Yeah, sorry if our terminology choice is confusing. The "iterations" parameter refers to the number of passes over the data -- what is elsewhere sometimes called an "epoch". So 25 iterations with 1000 batches means 25000 updates, with 25 passes over the data.
perfect thank you! Can you also explain me the following parameters of a dataset after annotating the data:
-score
-_input_hash
-_task_hash
-score
-priority
-spans
-_session_id
-_view_id
And the two parameters called "score" and the priority have in any case the same value. Is this normal?
Thanks in advance!
Nadine
No problem! Btw, if you didn't receive the readme.html with Prodigy (sometimes it's not passed through if you're using it in a company), you might find it helpful to have --- if you can't track it down internally send me a quick email and I'll pass it along.

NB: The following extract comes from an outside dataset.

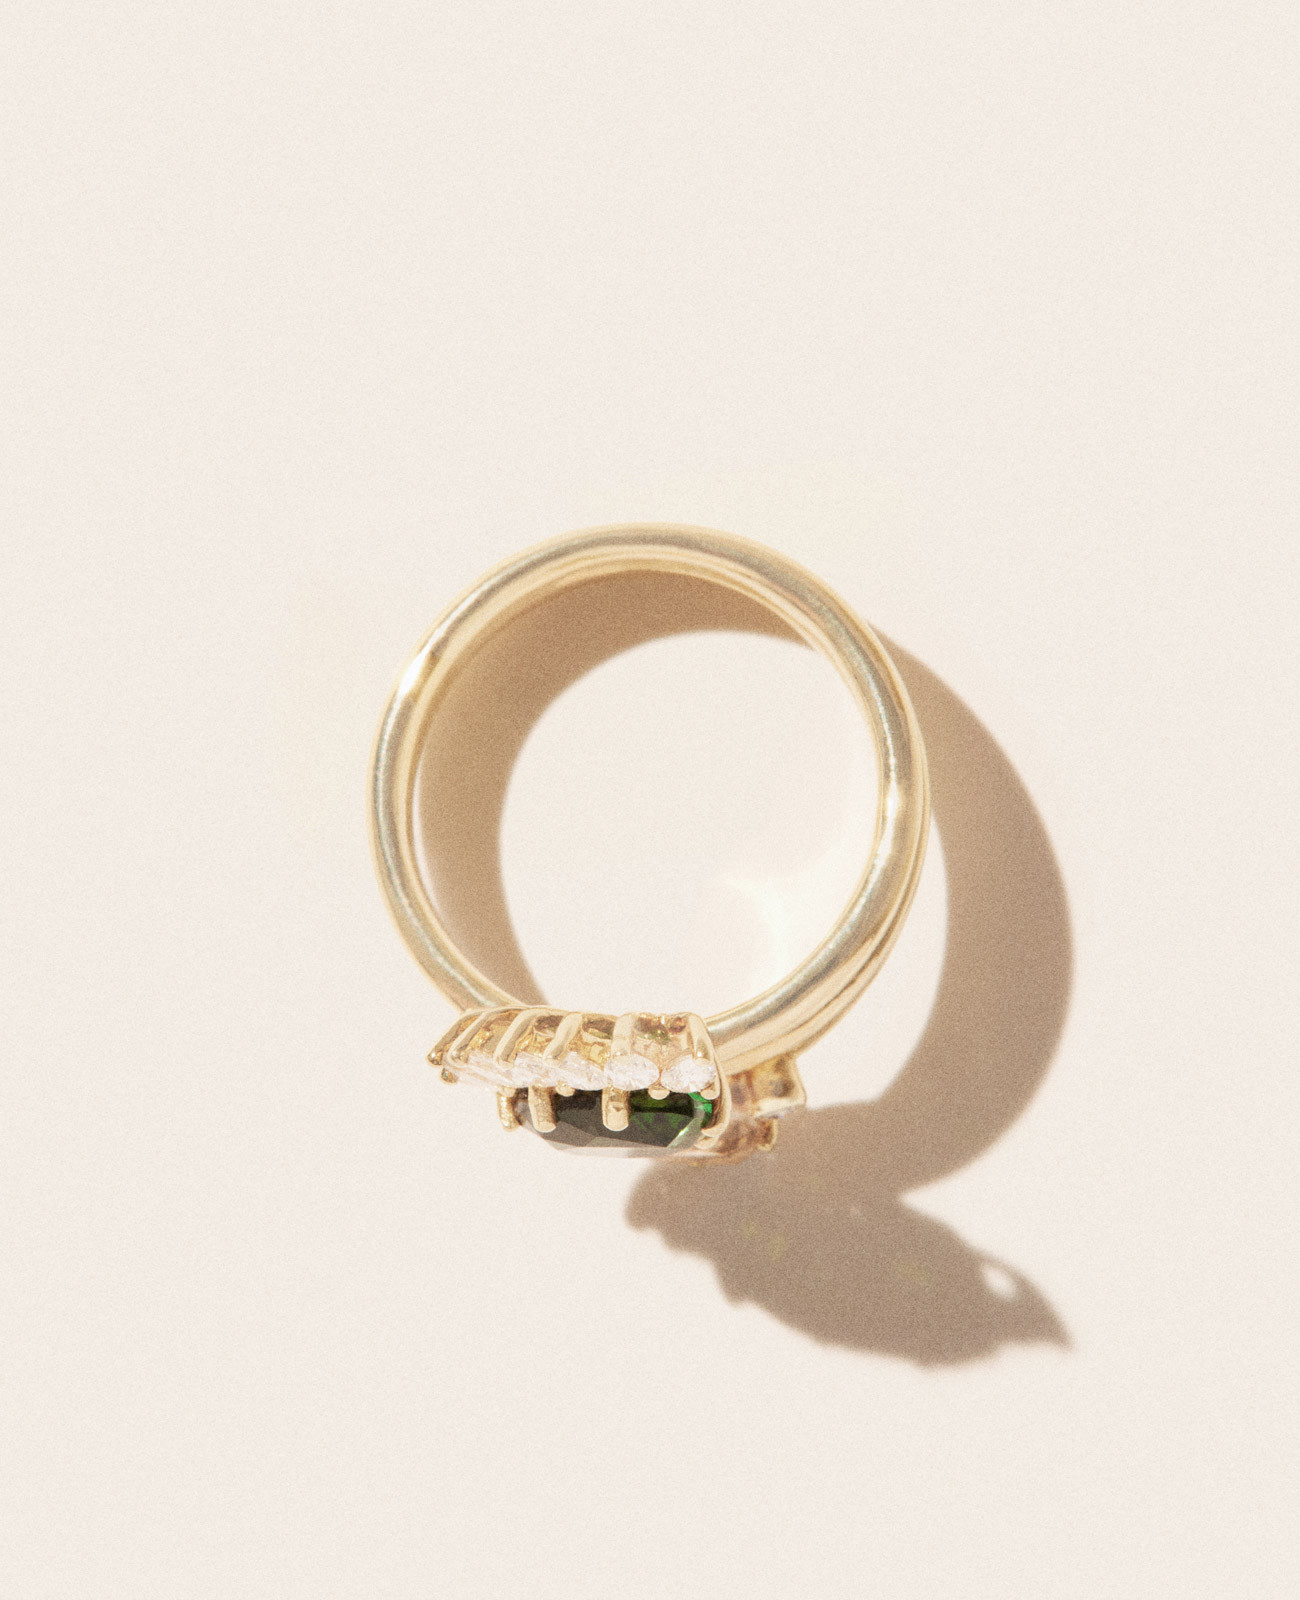 SUN N°4 GREEN TOURMALINE ring pascale monvoisin jewelry paris

_input_hash: A content ID of the input data. For text it'll be the "text" content, for images the "image" content, etc.
_task_hash: A content ID of the input data paired with the annotations, e.g. the text as well as the label, the spans, etc.
score: This reflects how likely the model believed the annotation to be
priority: If an active-learning sorter is being used, this is the field the sorter will reference. For instance, in the prefer_uncertain strategy, the priority will be 1.0 - (abs(score - 0.5) * 2).

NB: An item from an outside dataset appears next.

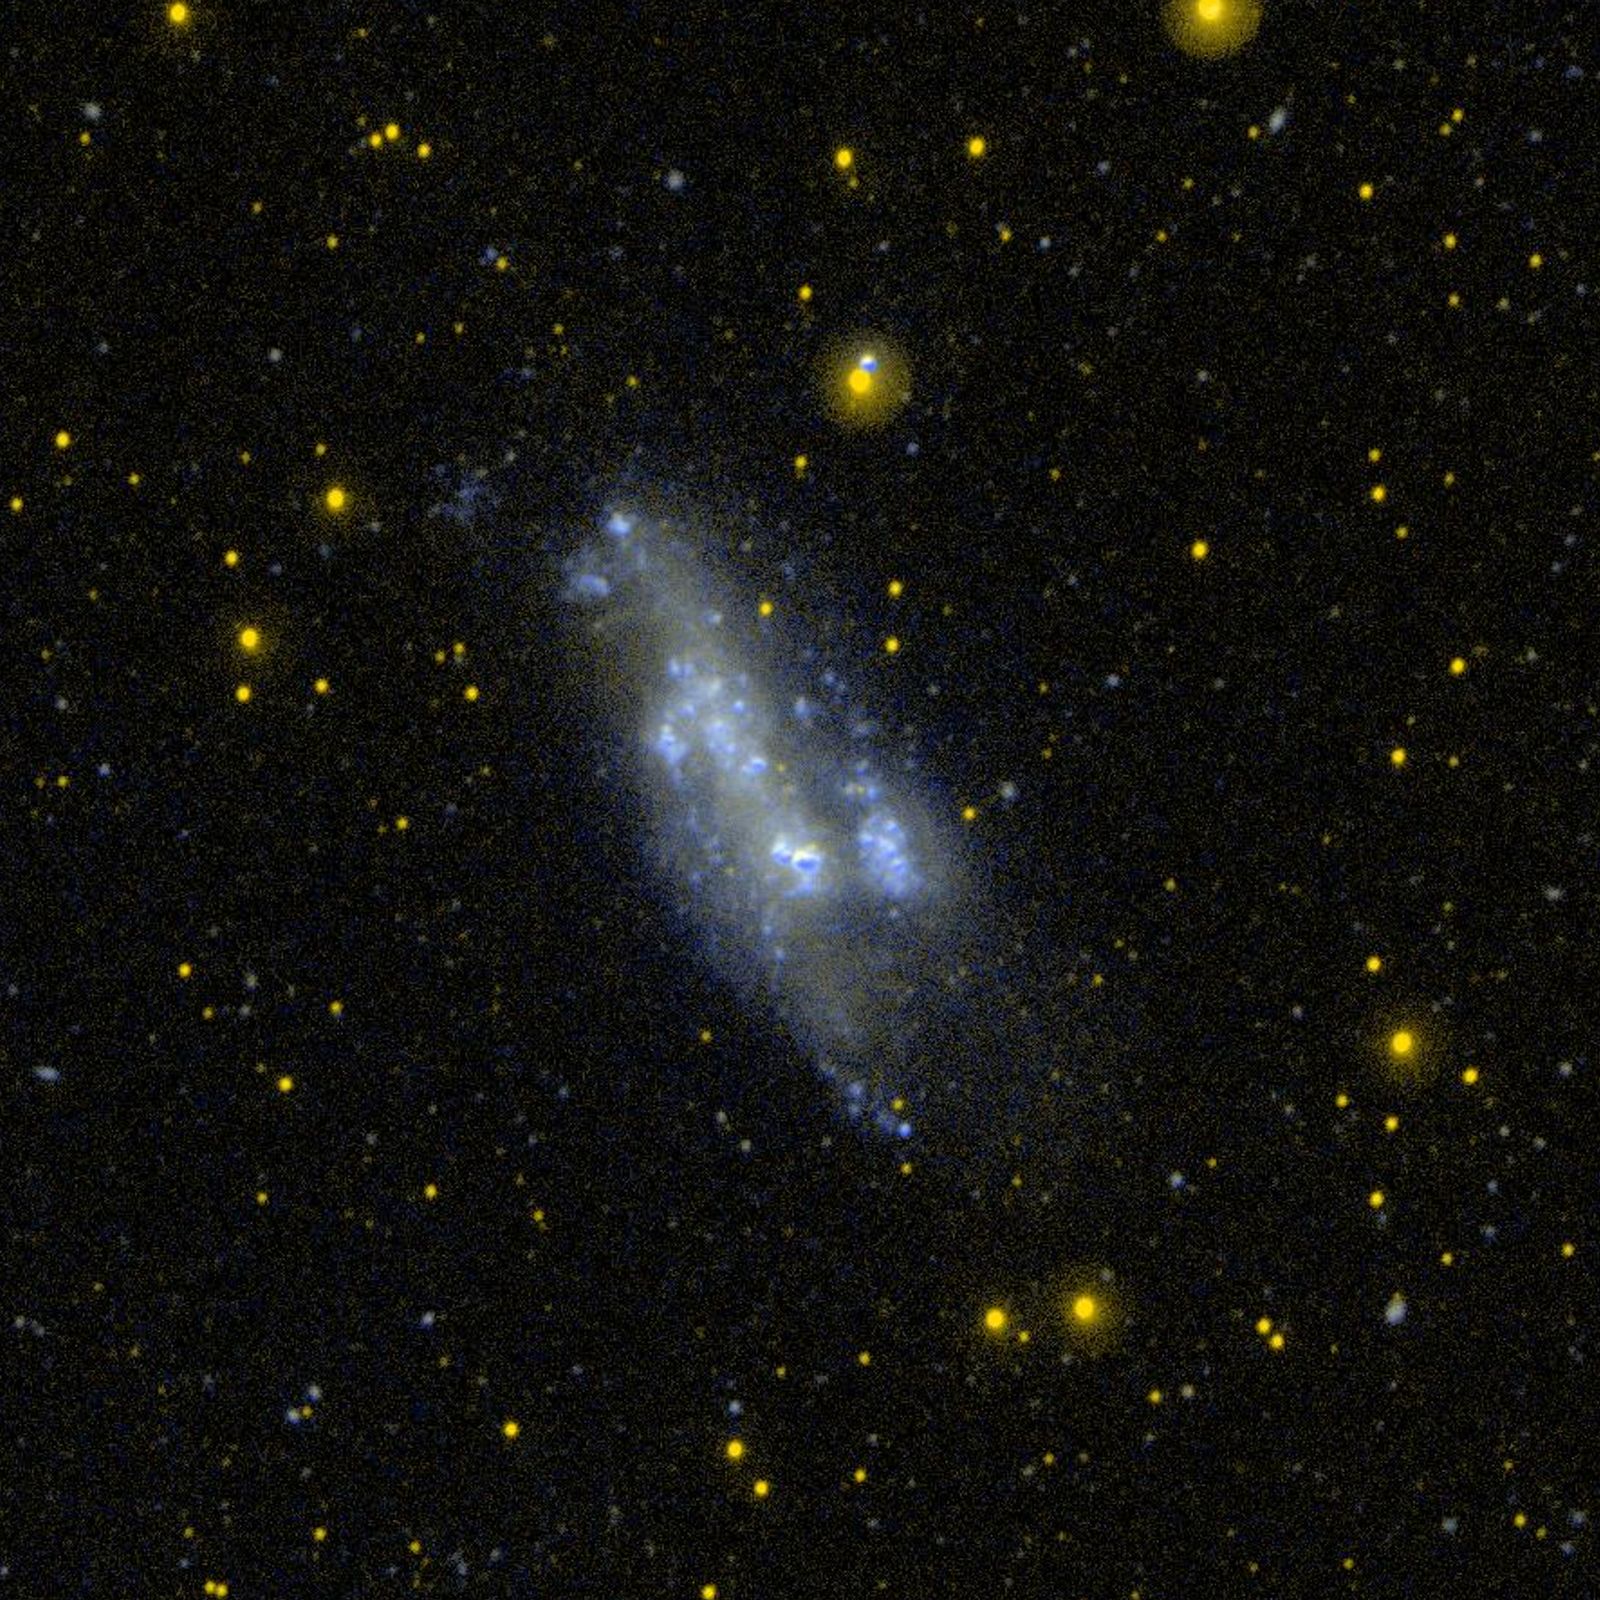 NGC_2366_2363httpupload.wikimedia.org.jpg

spans: This is where NER annotations will be recorded. A textcat dataset could also have spans, if you're highlighting parts via the pattern matcher.
_session_id: An ID of the annotation session. If you're not using named sessions, it'll just be a timestamp.
_view_id: The annotation view used to create the annotation.
Thank you very much for the quick response.
I do have the readme file but i could not find any explanation of the parmeters.
Did I miss something here or are the Parmaeter not described in the file? Or are there different readme-files?
I wanted to ask whether you can answer the question in the above post.
In addition I would like to know the following (hopefully you can help me here.)
By training a classification model I use the input parameter „pattern“ to show the network a little bit the words which are very relevant for the classification. But I have also a predefined list of drugs. So the side effect should only be matched when someone is talking about a specific drug. Sometimes the text contains multiple drugs, where some of them are relevant to my usecase and some are not. How can I tell prodigy that the name of the drug is a fix prerequisite for the classification? So that prodigy looks for the side effect and at the same time takes the predefined drug into account?
I think you should probably train a model to detect side-effects in general, and then have a rule-based process to output the side-effect only if a drug of interest is mentioned. Otherwise you'll require training examples for all of the different (drug, side effect) pairs you're interested in. It's often much easier to enforce rules about how the output should behave in a rule-based way, based on recognised categories, rather than trying to train the model to obey your rules.
This sort of question is much more general than Prodigy and spaCy, however --- you'll face the same sort of consideration no matter which technologies you use to label and train statistical models. The decisions do depend somewhat on the specifics of your problem, so there's only so much help we can offer.
Some of the attributes of the task are internal details, so they might not be fully documented. The different recipes should tell you what attributes they expect from the task objects (e.g. "text") and how they set the annotations (e.g. spans).